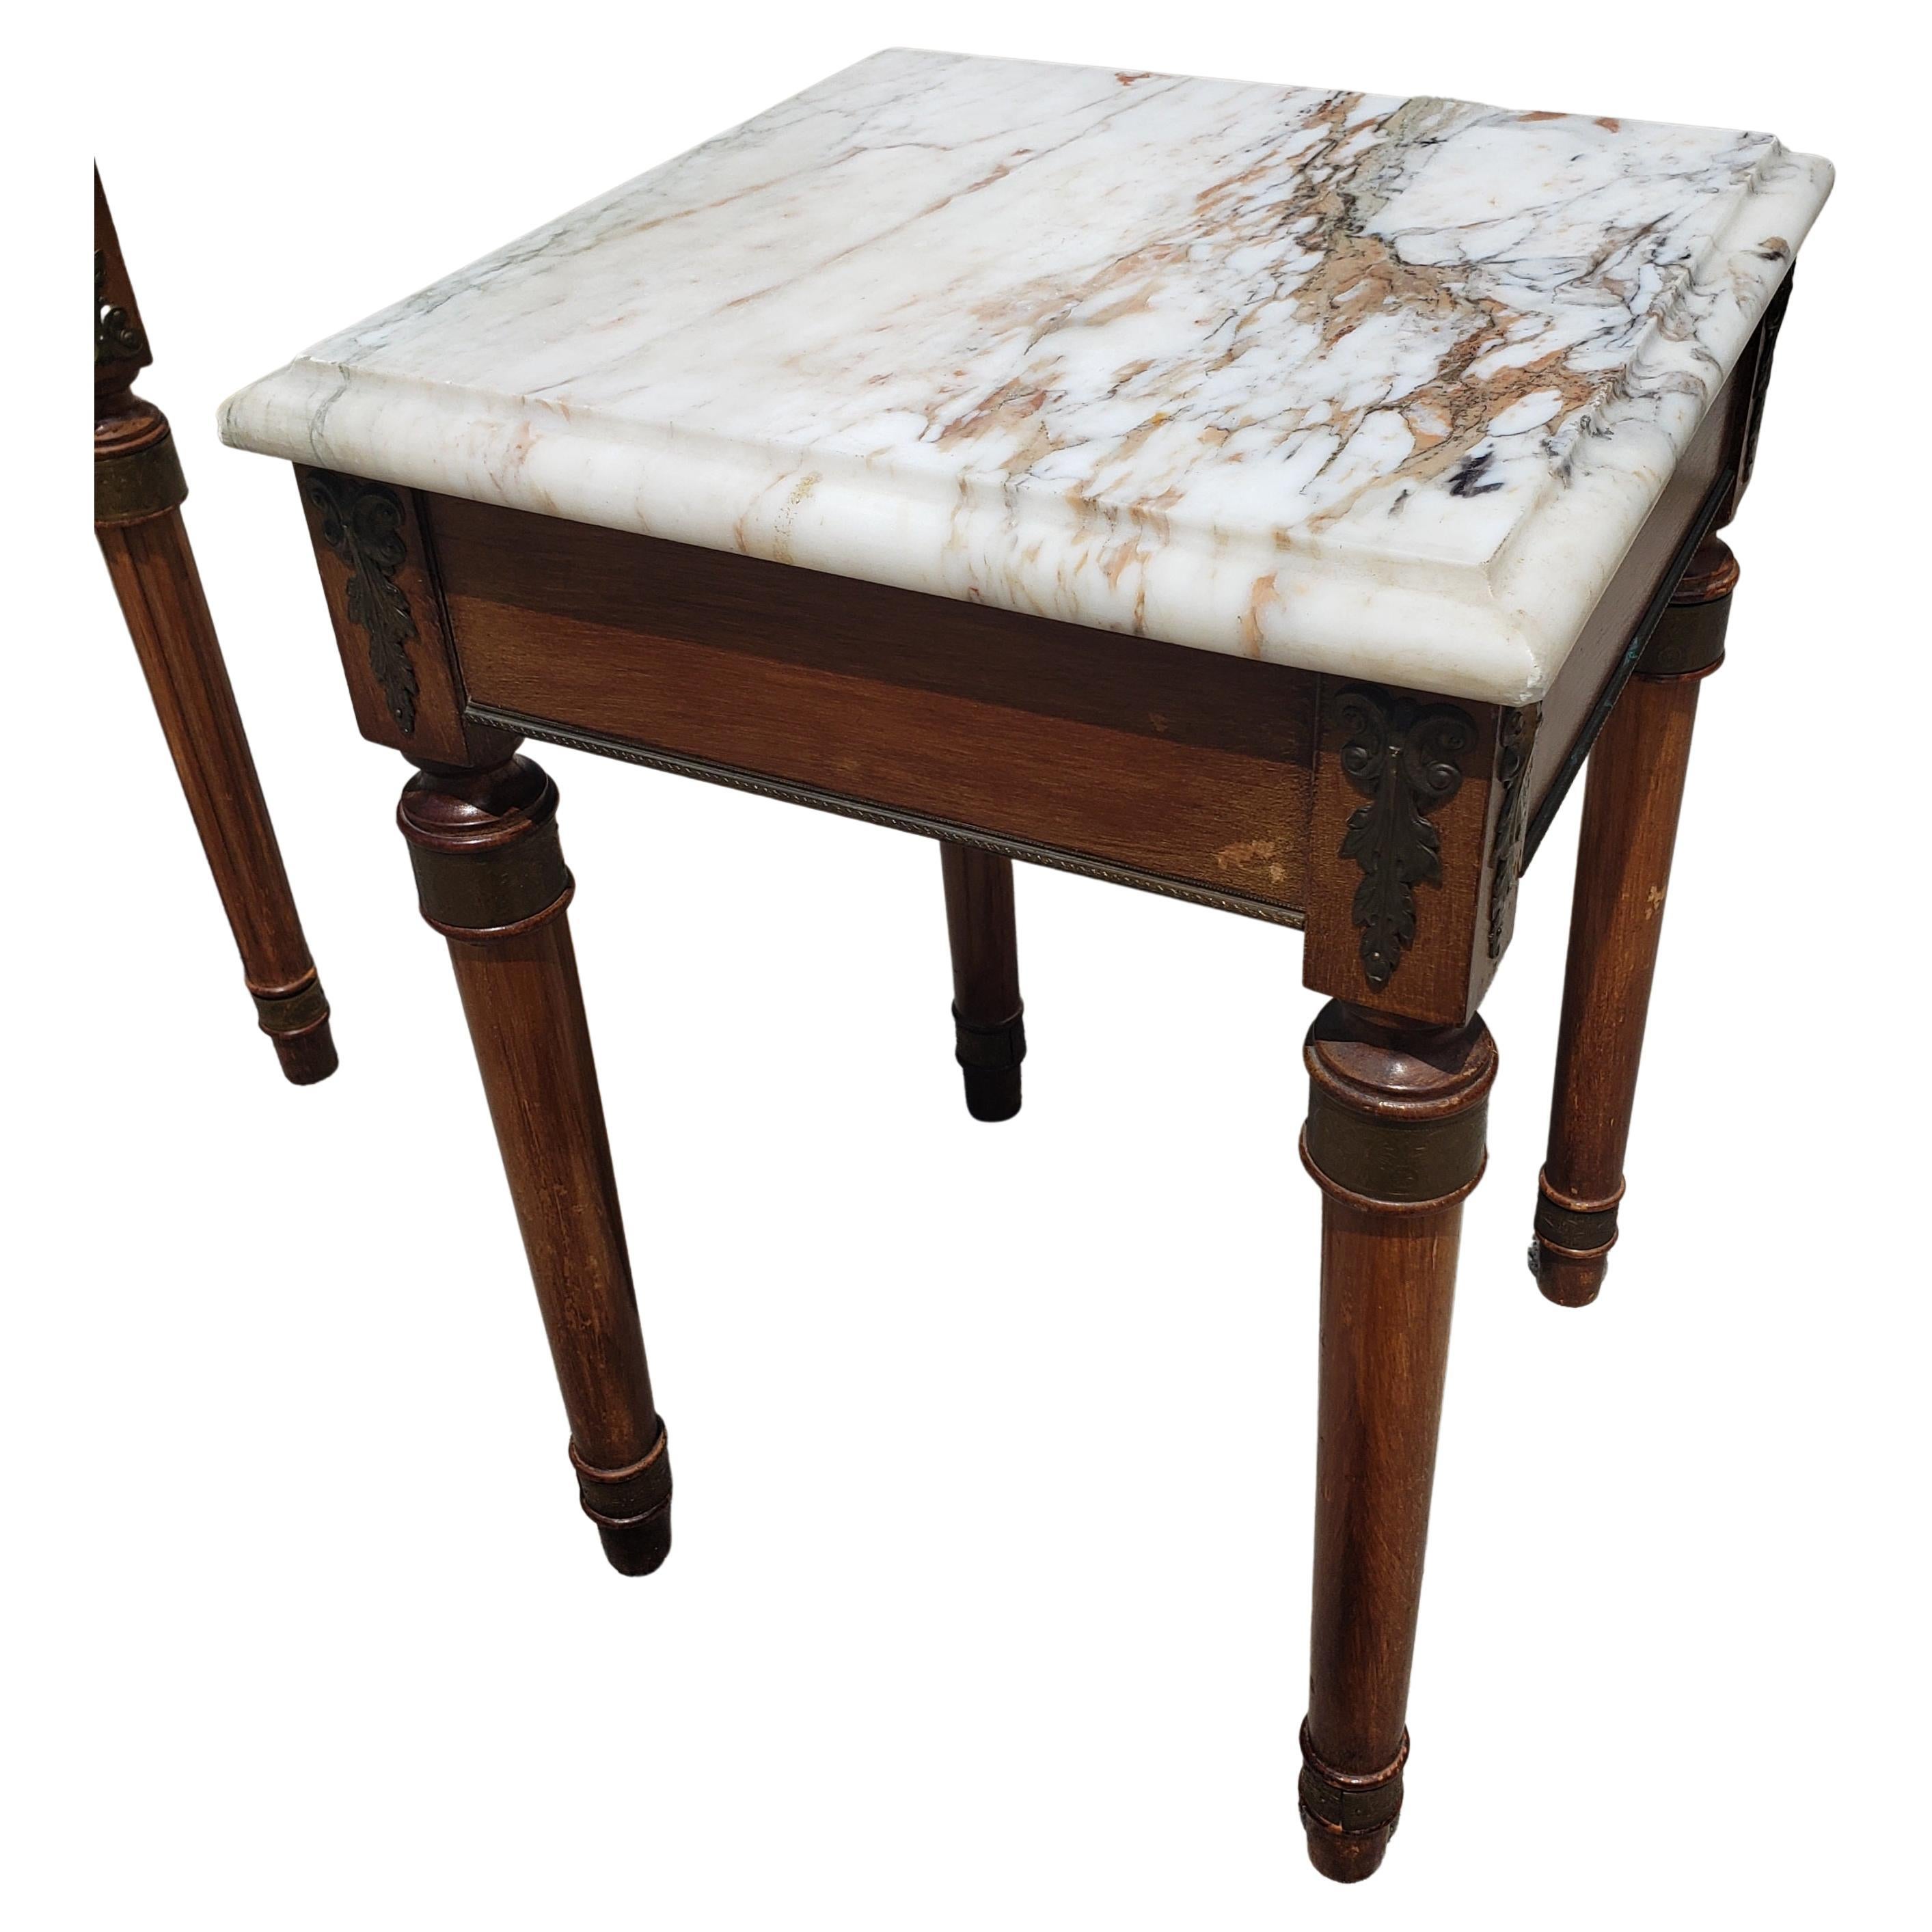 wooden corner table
==
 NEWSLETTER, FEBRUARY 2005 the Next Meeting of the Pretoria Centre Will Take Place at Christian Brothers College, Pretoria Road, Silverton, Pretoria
* * *
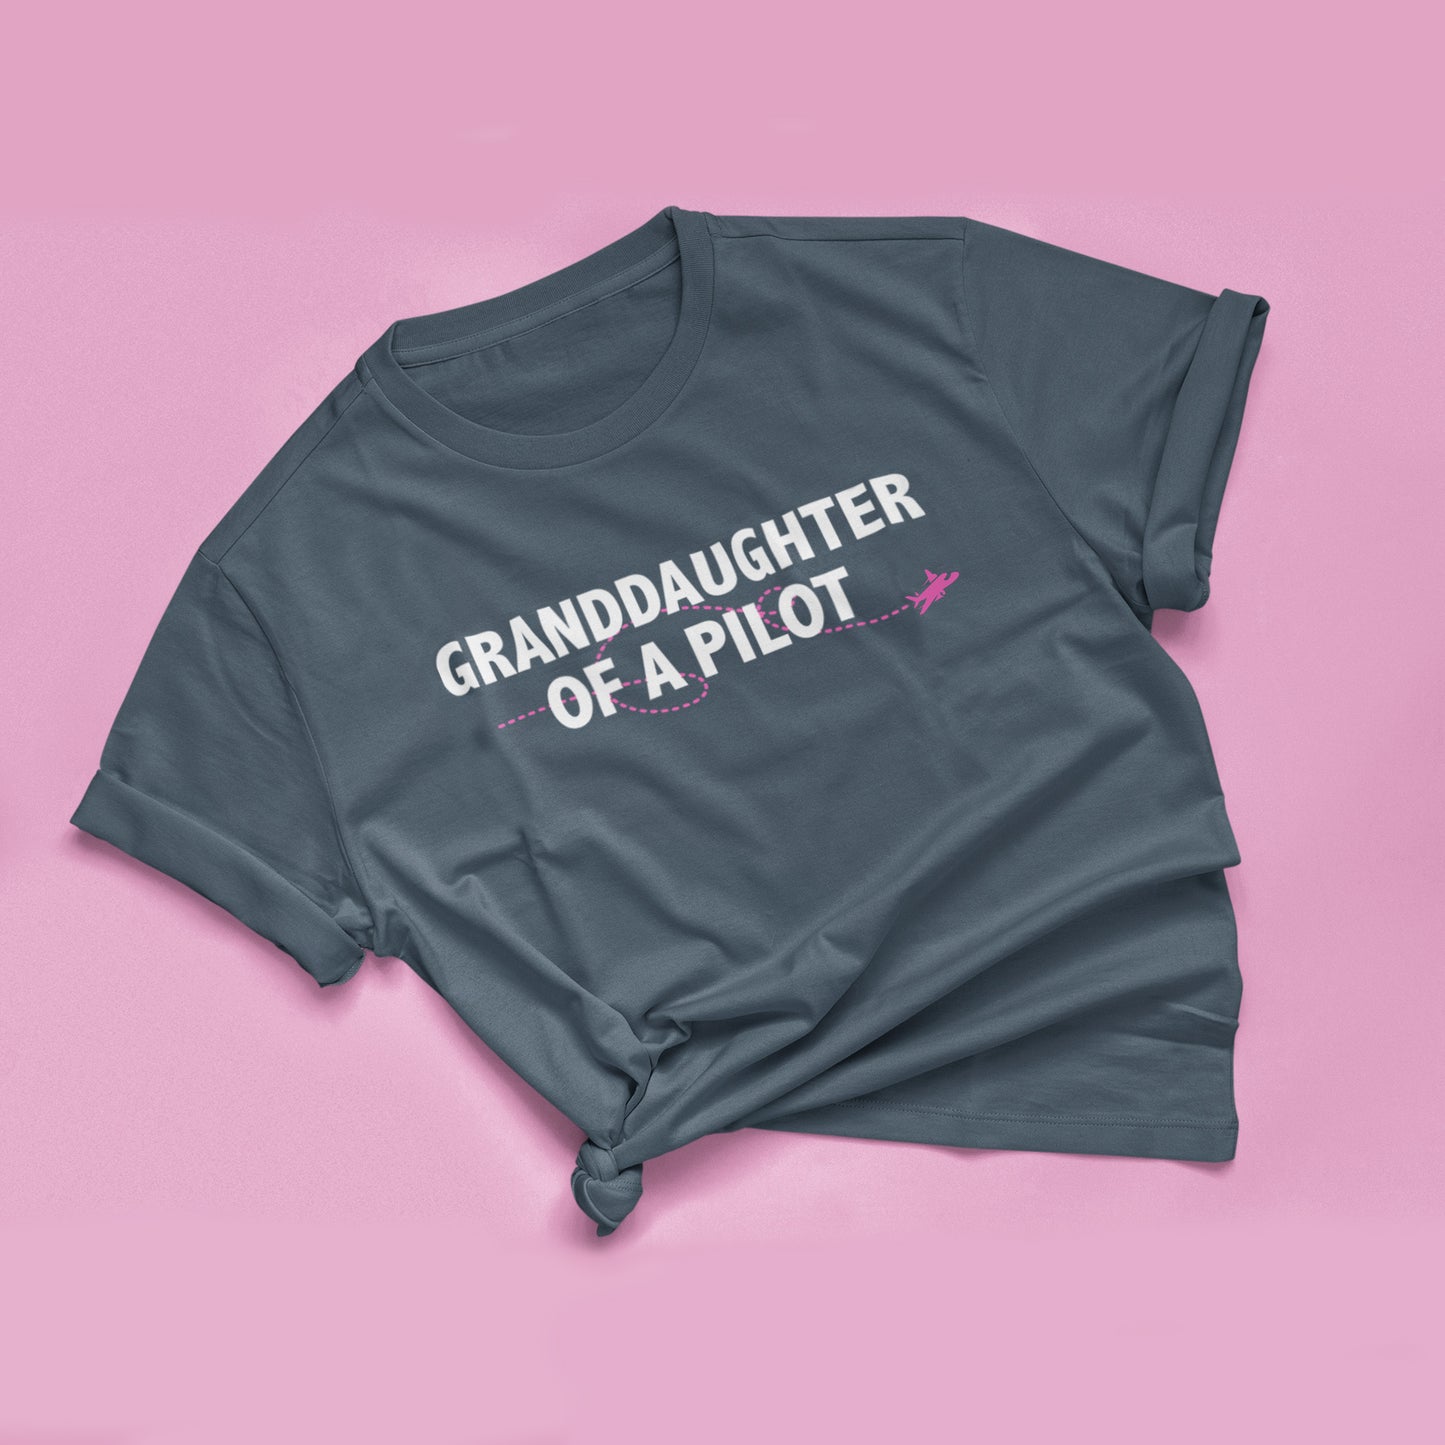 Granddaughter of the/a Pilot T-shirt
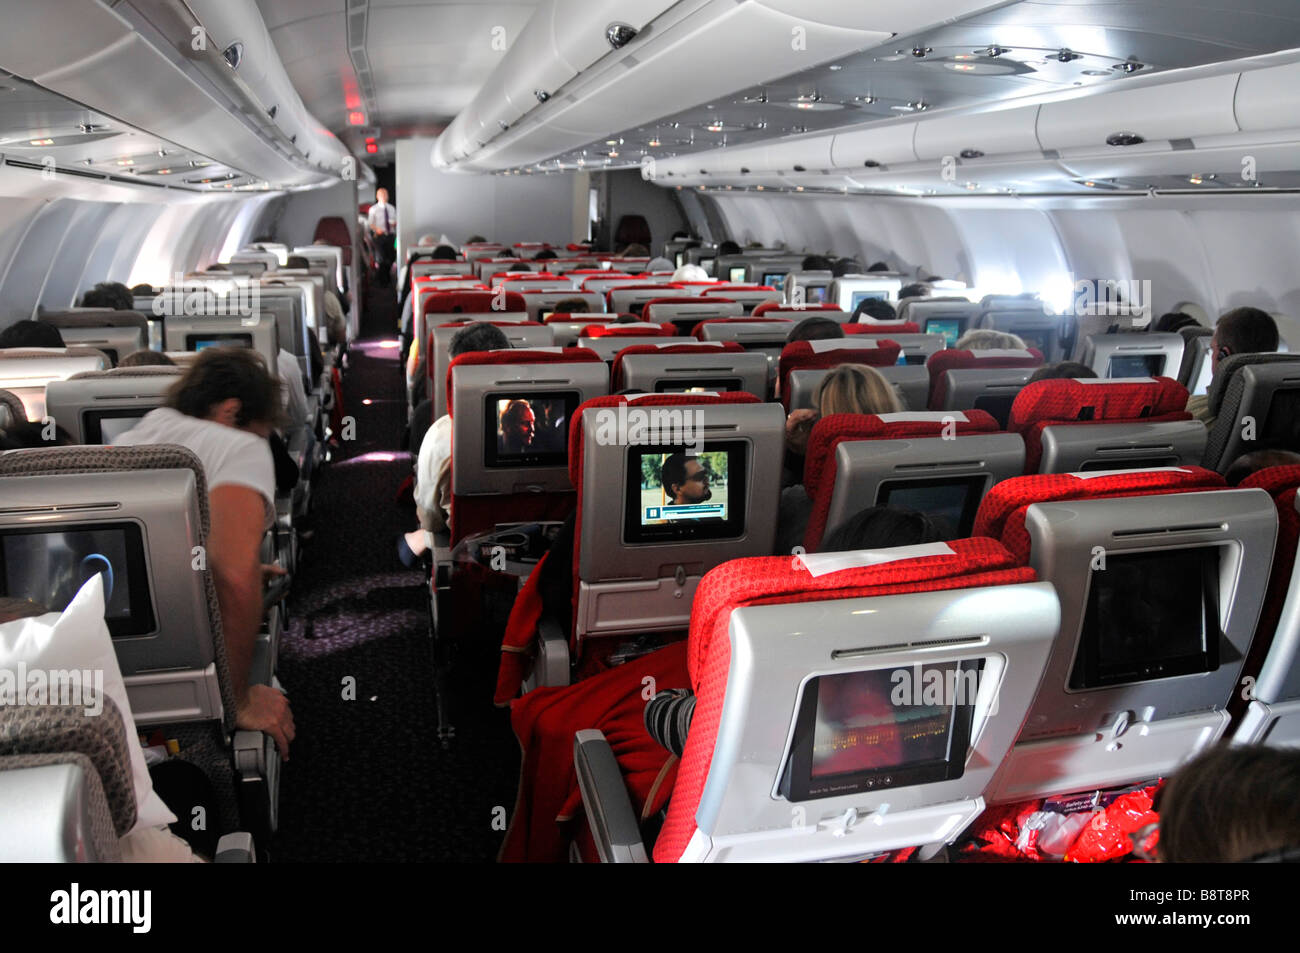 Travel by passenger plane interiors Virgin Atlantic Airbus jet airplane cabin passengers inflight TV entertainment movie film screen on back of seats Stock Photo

#### Task directions
Of all the material above, only the lines from the one that has "Granddaughter of the/a Pilot T-shirt" down to the one that has "Travel by passenger" are to be written out, exactly and with both ends included. Pictures are skipped.

#### Problem solution
 Granddaughter of the/a Pilot T-shirt
 Travel by passenger plane interiors Virgin Atlantic Airbus jet airplane cabin passengers inflight TV entertainment movie film screen on back of seats Stock Photo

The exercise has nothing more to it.